Devoraba kilómetros.
Era impresionante verlo avanzar en el prematuro amanecer de aquel cielo infectado, una aguja de plata flexible corriendo sobre un trenzado de acero. Cuando encendía sus luces era imposible mirarlo fijamente, corriendo a más de doscientos kilómetros por hora, dejando casi atrás el reflejo de sus propios focos. El diseño del mejor tren; un derroche de poder energía e ingenio, corriendo como una bestia en libertad condicional, pudiendo elegir su velocidad pero no el camino.
Tenía un Capitán, por supuesto. En otro tiempo -casi podía pensarse que en otro lugar- otros ferrocarriles habían trasladado cargas y multitudes a través de campos tranquilos y ciudades adormecidas. Tenían revisores que pedían billetes con voz monótona y maquinistas aburridos que la electrónica había convertido en vigilantes de una consola. En otro mundo.
Ahora todo era distinto.
Las ciudades que atravesaba estaban muertas. Los campos eran desiertos sembrados de hierros retorcidos y ruinas ennegrecidas. Las estaciones revoltijos de papeles chamuscados, los pueblos se habían convertido en fantasmas silenciosos de edificios muertos a través de cuyas ventanas, como bocas desdentadas, aullaba el viento.

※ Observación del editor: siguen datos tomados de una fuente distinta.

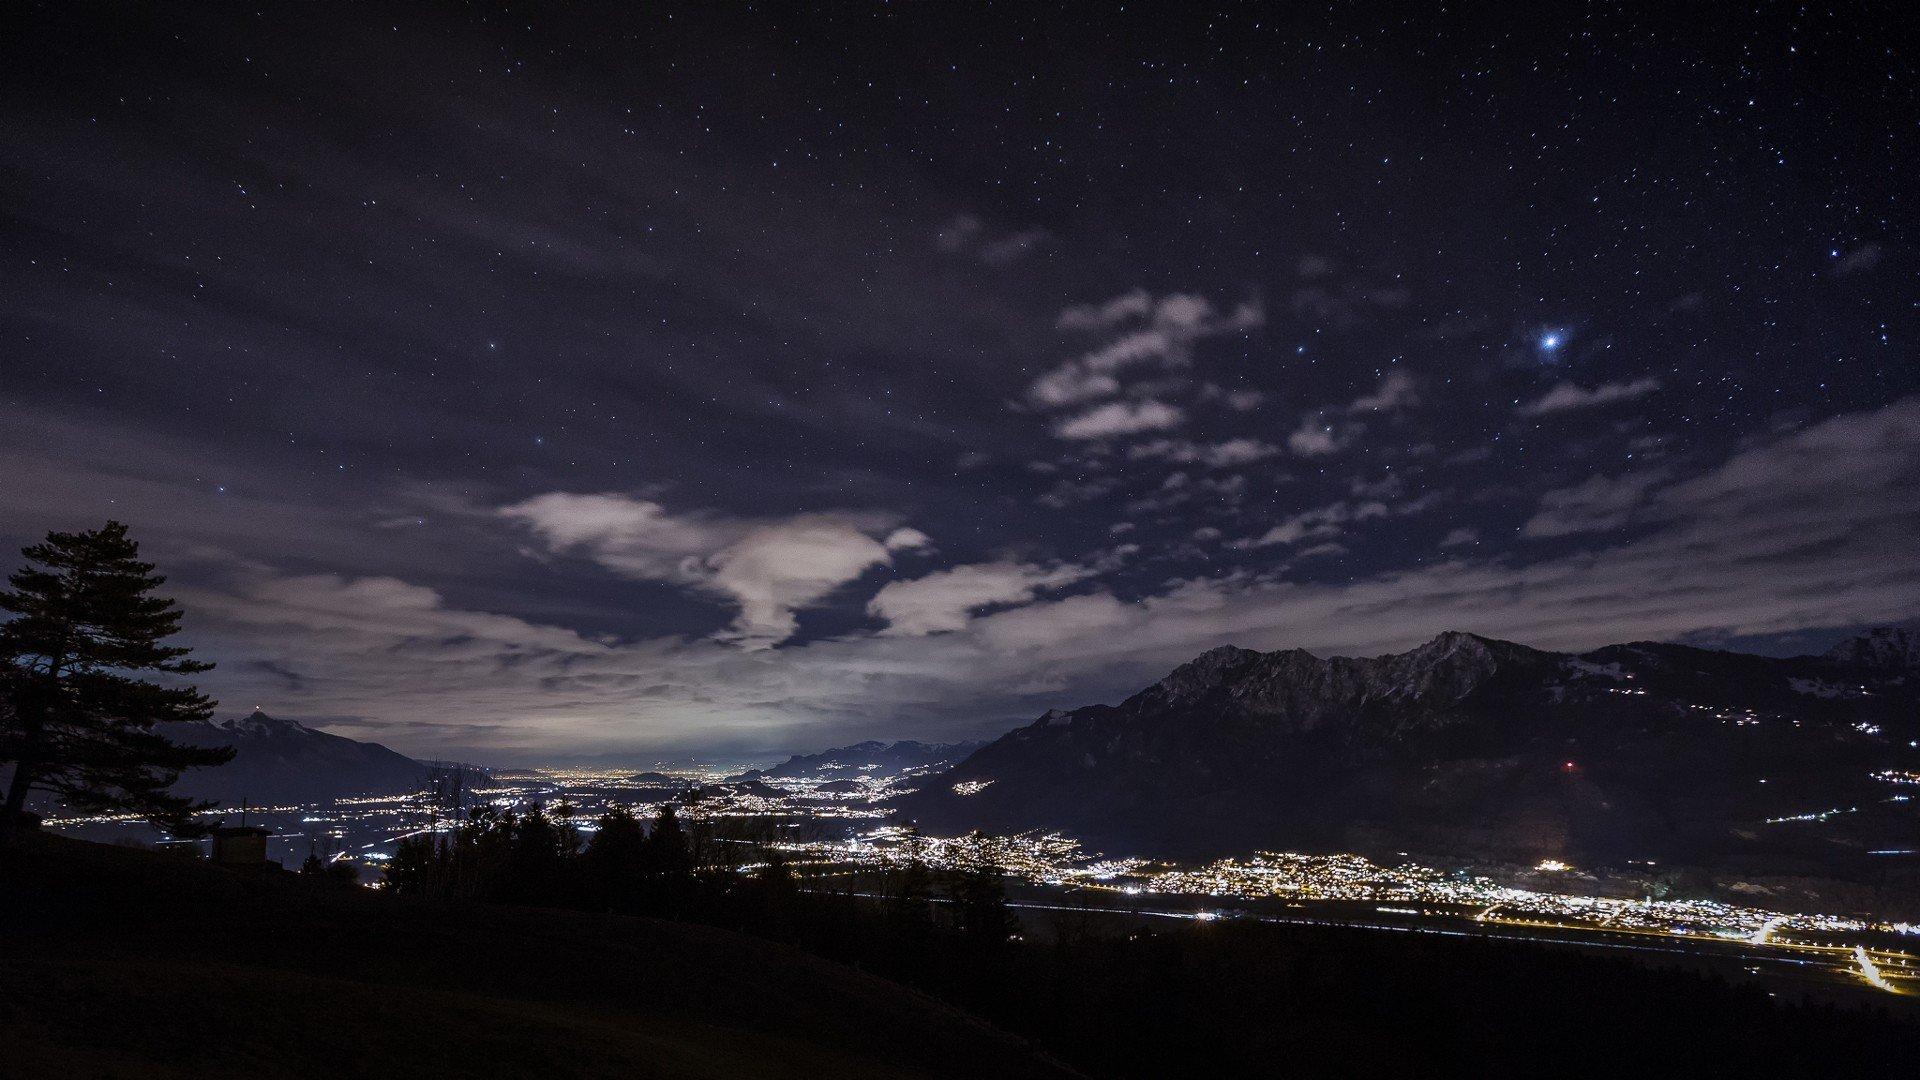 Ru - качественные картинки на рабочий стол: картинки похожие на горы ночью фото, заставки - горы , ночь , небо , зима.

Una multitud de luces brillantes había descendido del cielo un amanecer, anunciada por trompetas apocalípticas que imitaban a sirenas de alarma. Después había llegado el fuego, un fuego abrasador que consumía la roca y el metal como si fuera papel. Y detrás vinieron las lluvias, y sus gotas estaban cargadas de partículas alteradas, pequeños asesinos que irradiaban una muerte invisible o un cambio aterrador en todo lo que nacía. Una guerra había comenzado y terminado en un instante, devorada por sí misma.
El Capitán se preguntaba a menudo, solo y pensativo en su puente bajo cielos plomizos, como era posible que el hombre, algunos hombres, hubieran sobrevivido. Y sin embargo allí estaban, intentando esquivar a la muerte con una organización férrea y una voluntad de titanes. Las explosiones termonucleares habían levantado millones de toneladas de partículas a las altas capas de la atmósfera. La luz del sol, su calor, apenas si podían llegar a la tierra. Al castigo divino de la radiación se unía pues el frío atroz de un invierno perpetuo.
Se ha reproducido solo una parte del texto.